Before she reached it, when he was still standing looking after her, she paused and turned to say, ‘By the way, Marshal, we received, I should say my niece did, a parcel containing the shoes Buongianni was wearing when he died. They were returned here from the public prosecutor’s office along with a form of some description, officially releasing all Buongianni’s belongings and a note informing us that you would be the person to apply to for the rest of them. Is that correct?’
‘I—yes. Yes. I’ll bring them to you.’
‘I can see no necessity for it myself but if it’s a question of correct procedure, then of course, do bring them. Leave them with the porter.’
F
rom that moment until he read Catherine Yorke’s letter, the Marshal trod more carefully than he had ever done in his life, and he was by nature a careful man. He trod carefully, but always in the same direction, towards the Marchesa Bianca Maria Corsi Ulderighi Della Loggia. He never saw her, never spoke or attempted to speak to her, but she was his prey. He knew it by instinct though he didn’t know why. She frightened him, the house frightened him, the thought of whatever it was she had done frightened him. Only two things encouraged him, and the first of these was the fact that Fiorenza Ulderighi was as frightened of her niece as he was. The second was the removal of the shoes.
‘They’re your only evidence!’ protested Lorenzini.
‘I know,’ said the Marshal, satisfied. That was something he understood, about the only thing. He’d been baffled by foreigners, Florentine and English, and he’d had enough of it. At last something had happened which made sense to him. A vital piece of evidence had disappeared. He might have been in Palermo! The importance of those fingerprints was confirmed, the vanishing prints demonstrated fear. He was delighted. Lorenzini gave it all up as a bad job.

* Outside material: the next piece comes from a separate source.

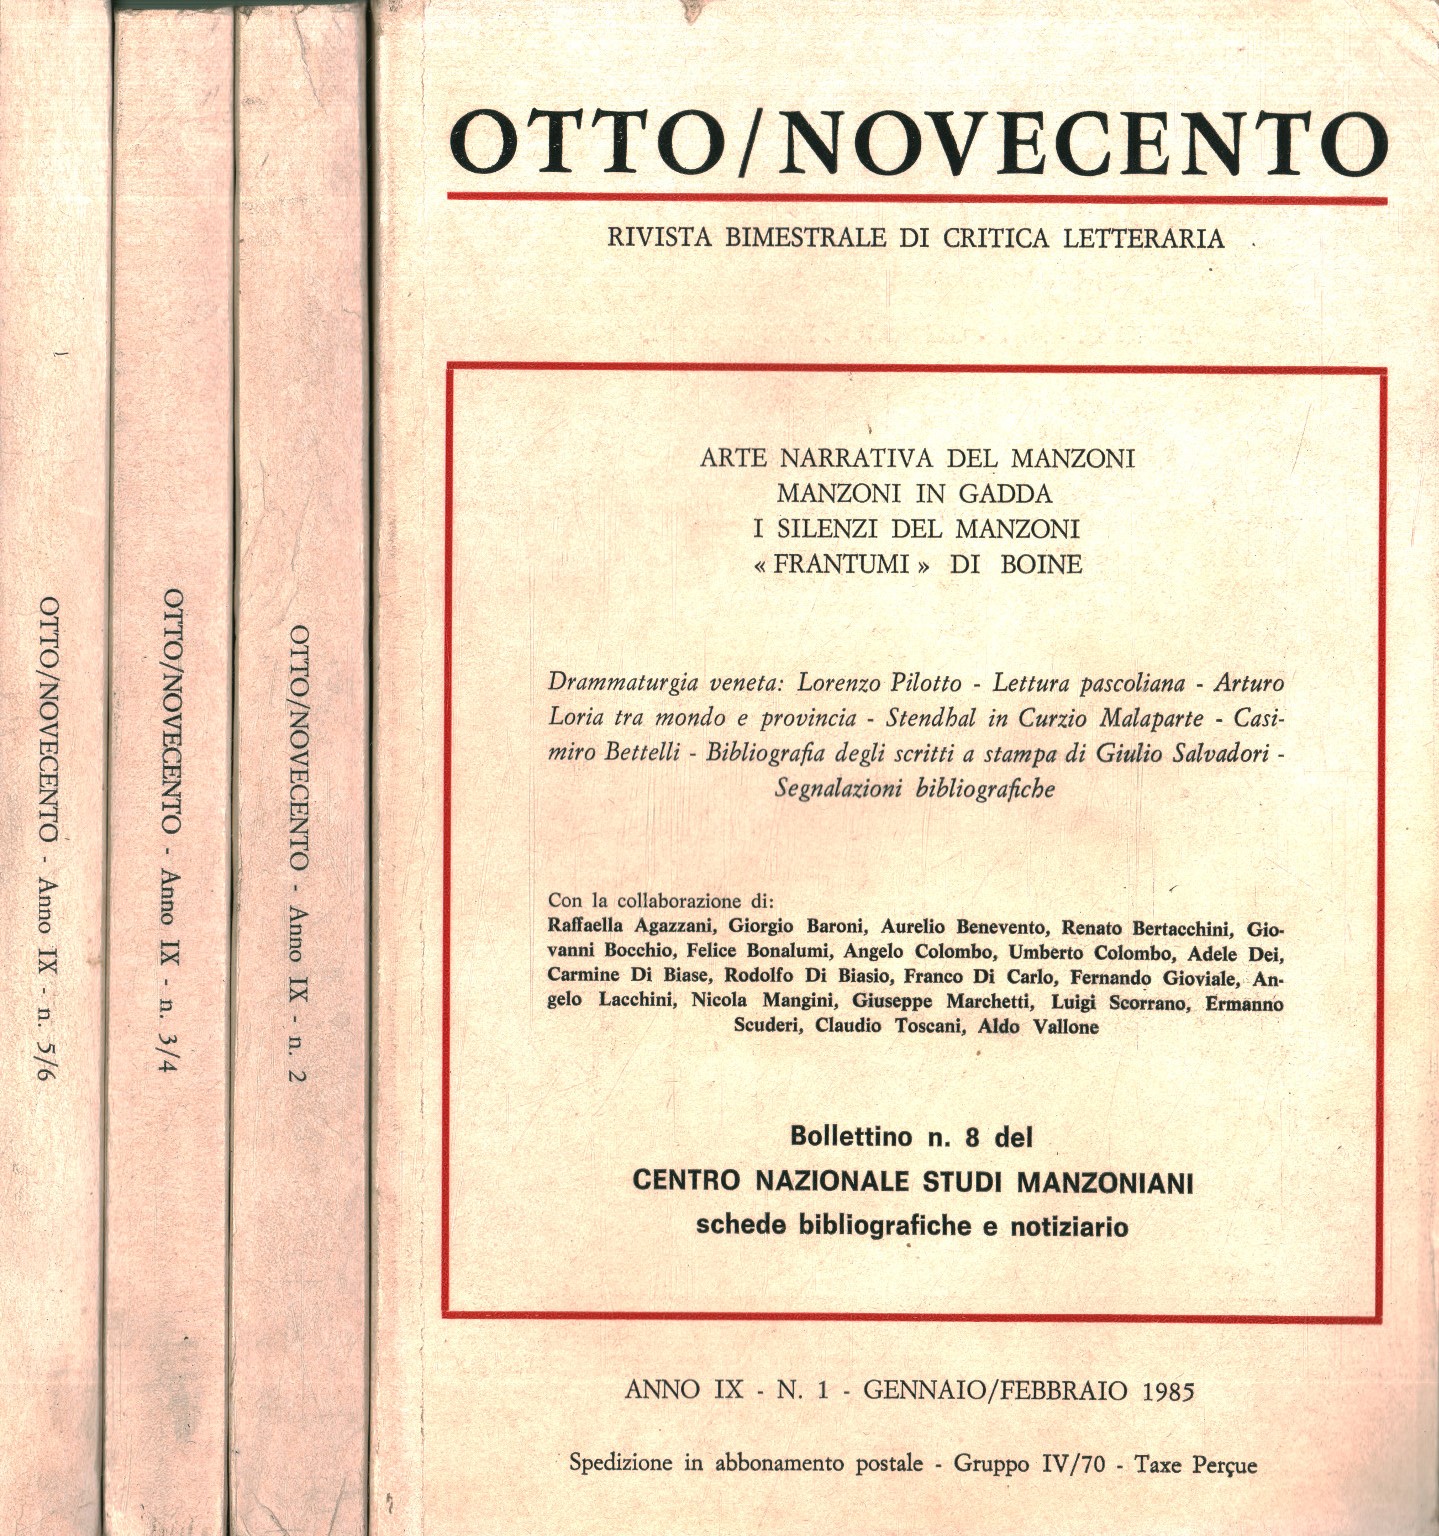 Otto/Novecento: zweimonatliche Überprüfung der krit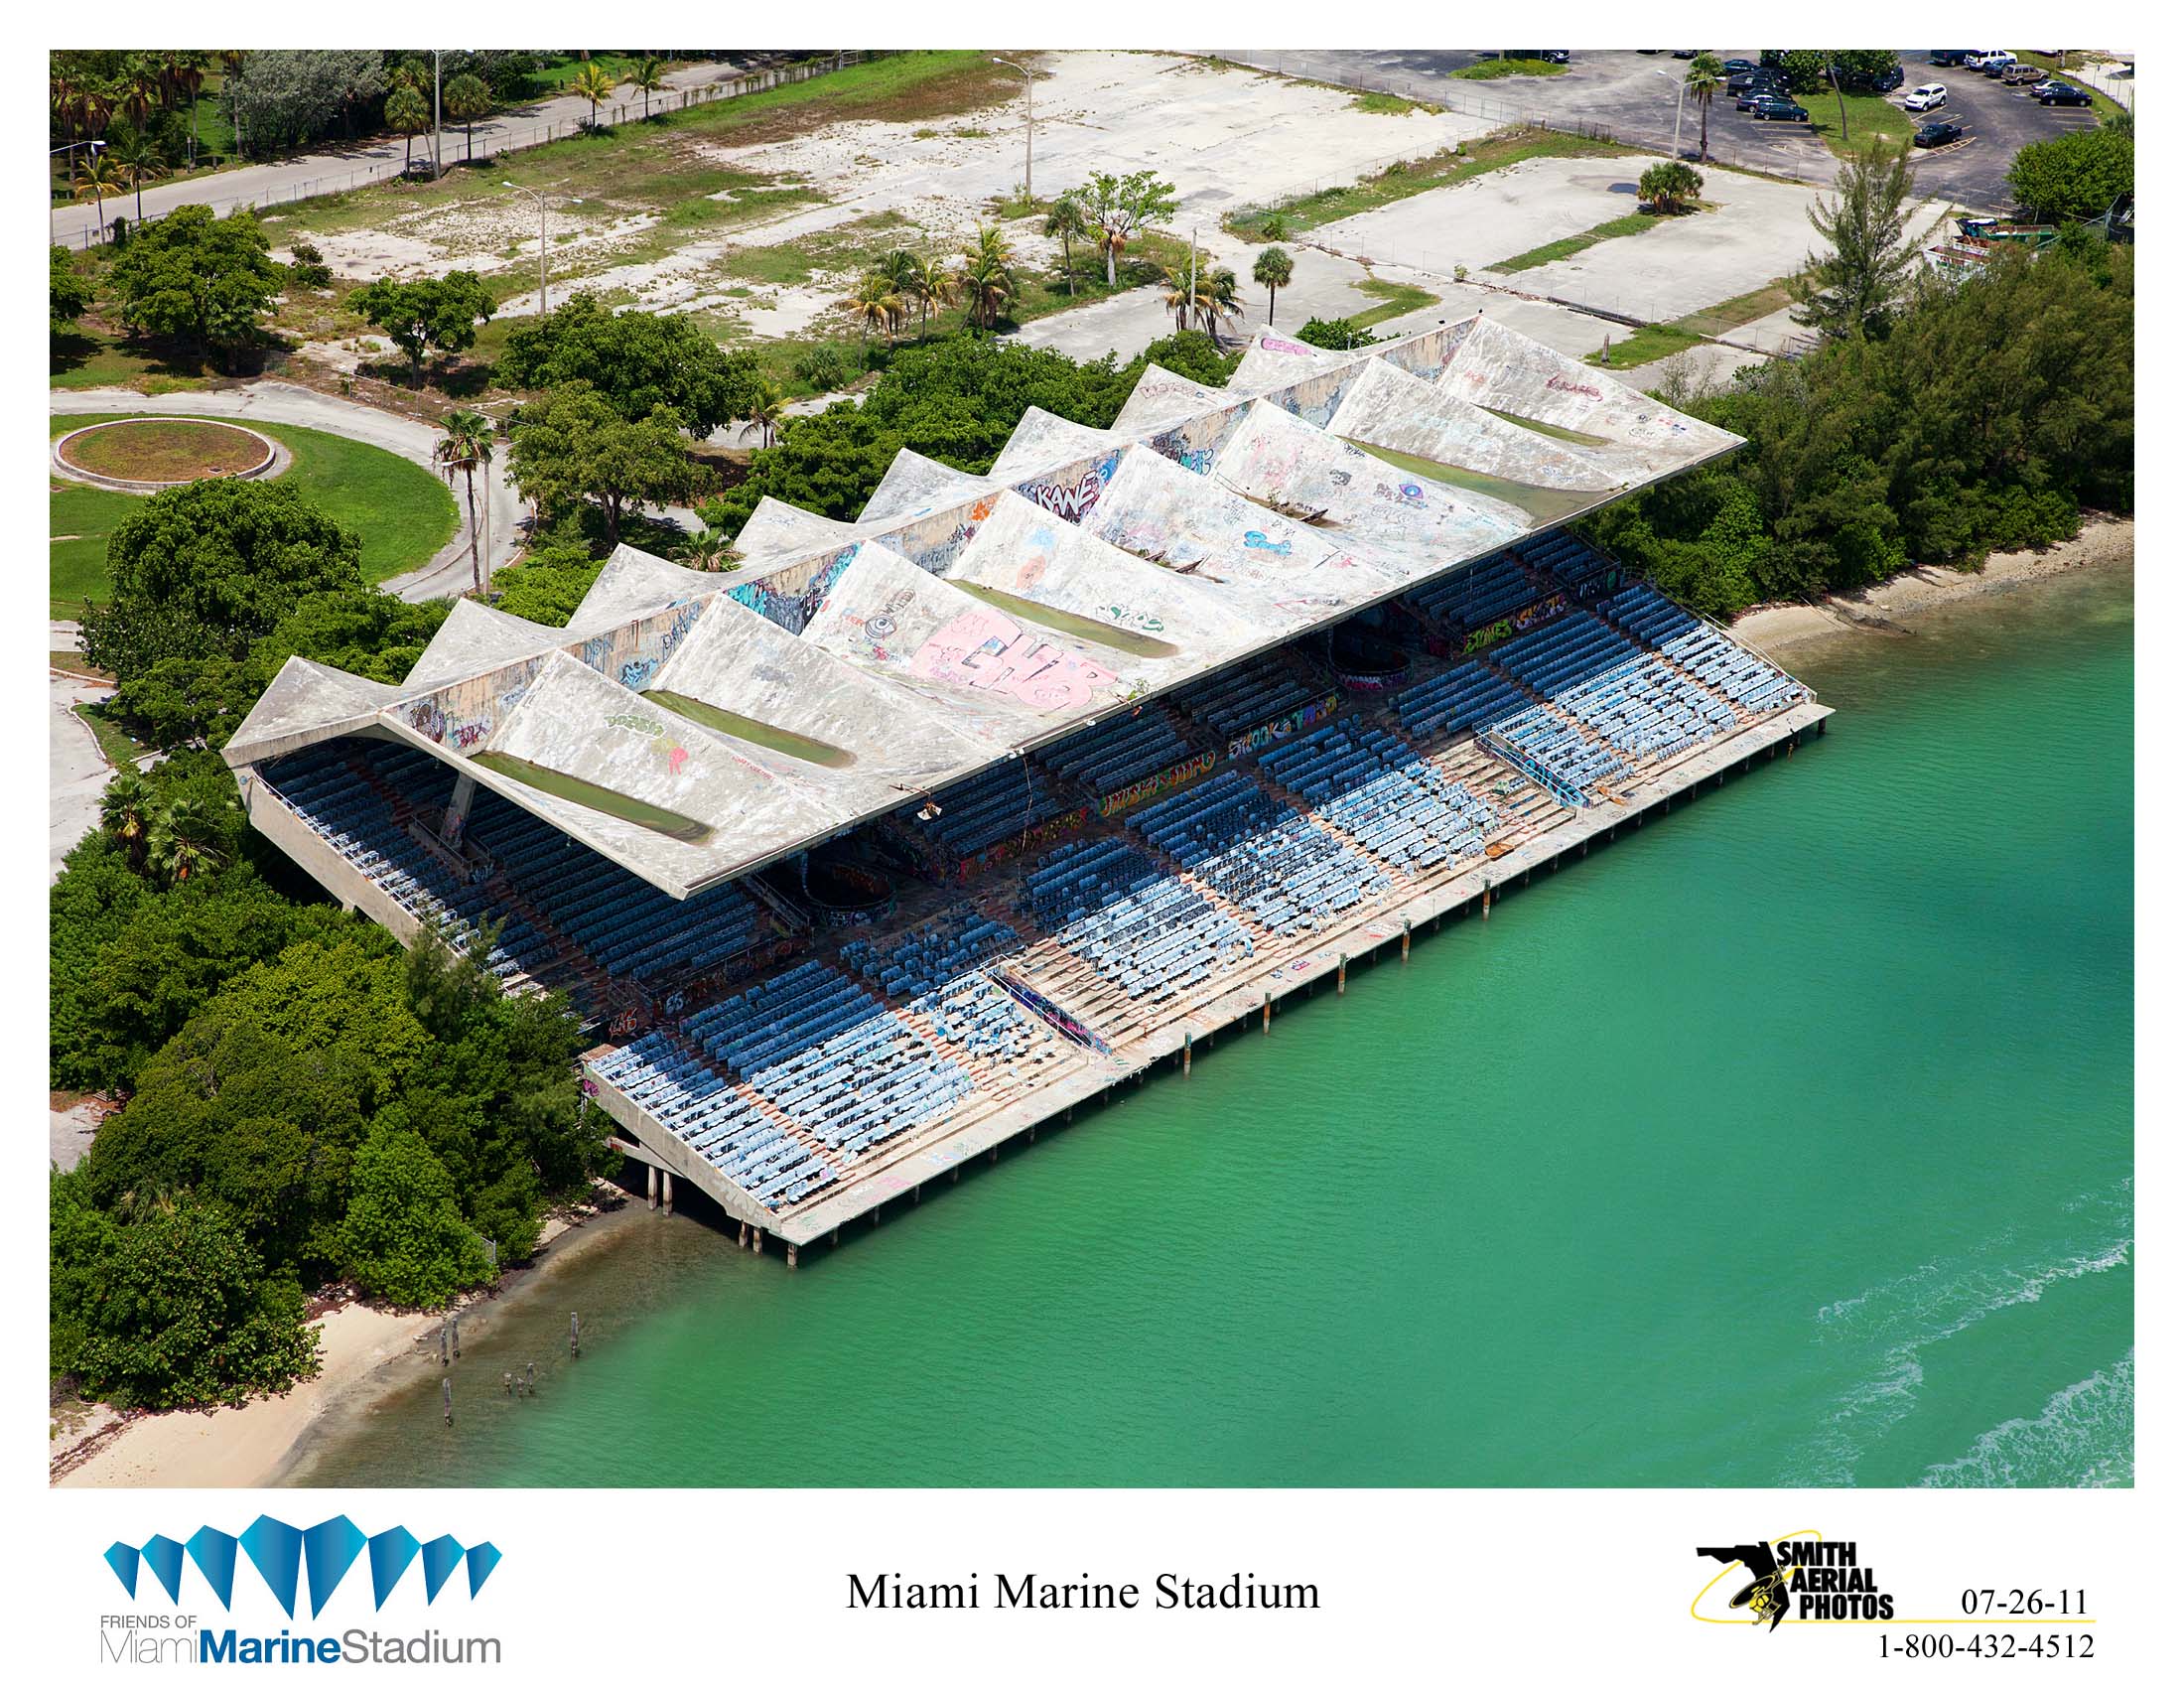 Louis Vuitton Fashion Show at Miami Marine Stadium - Miami Marine Stadium  Seat Art Repository

To the Captain, the Marshal’s commanding officer over at Headquarters on Borgo Ognissanti across the river, the Marshal, treading carefully, explained the real problem about the shoes.
‘I don’t know what she meant, you see. Of course, she may not have known—about the prints, I mean—so that her saying what she did, “If it’s a question of correct procedure” . . .’
‘Meant exactly that. Guarnaccia, you do have a tendency to read baroque intricacies into a straight line.’
The Marshal only stared, not understanding. Then he said, ‘I don’t want to be transferred. Teresa . . . The way the shoes were withdrawn from the lab—and, I imagine, nicely polished—the message through the Ulderighi—it’s a warning shot.’
‘Yes, I see your point there.’ The Captain didn’t say, ‘Of course you won’t be transferred, what rubbish.’
The Marshal sat with his hands planted on his knees, looking across the big desk at him hopefully, his stillness and his slightly bulging eyes giving the impression of a bulldog hoping for a titbit. His trust in the Captain in these matters was absolute. He was a Florentine, after all, and an officer too. The Captain, though unable to follow the workings of Guarnaccia’s mind, trusted him and always helped him.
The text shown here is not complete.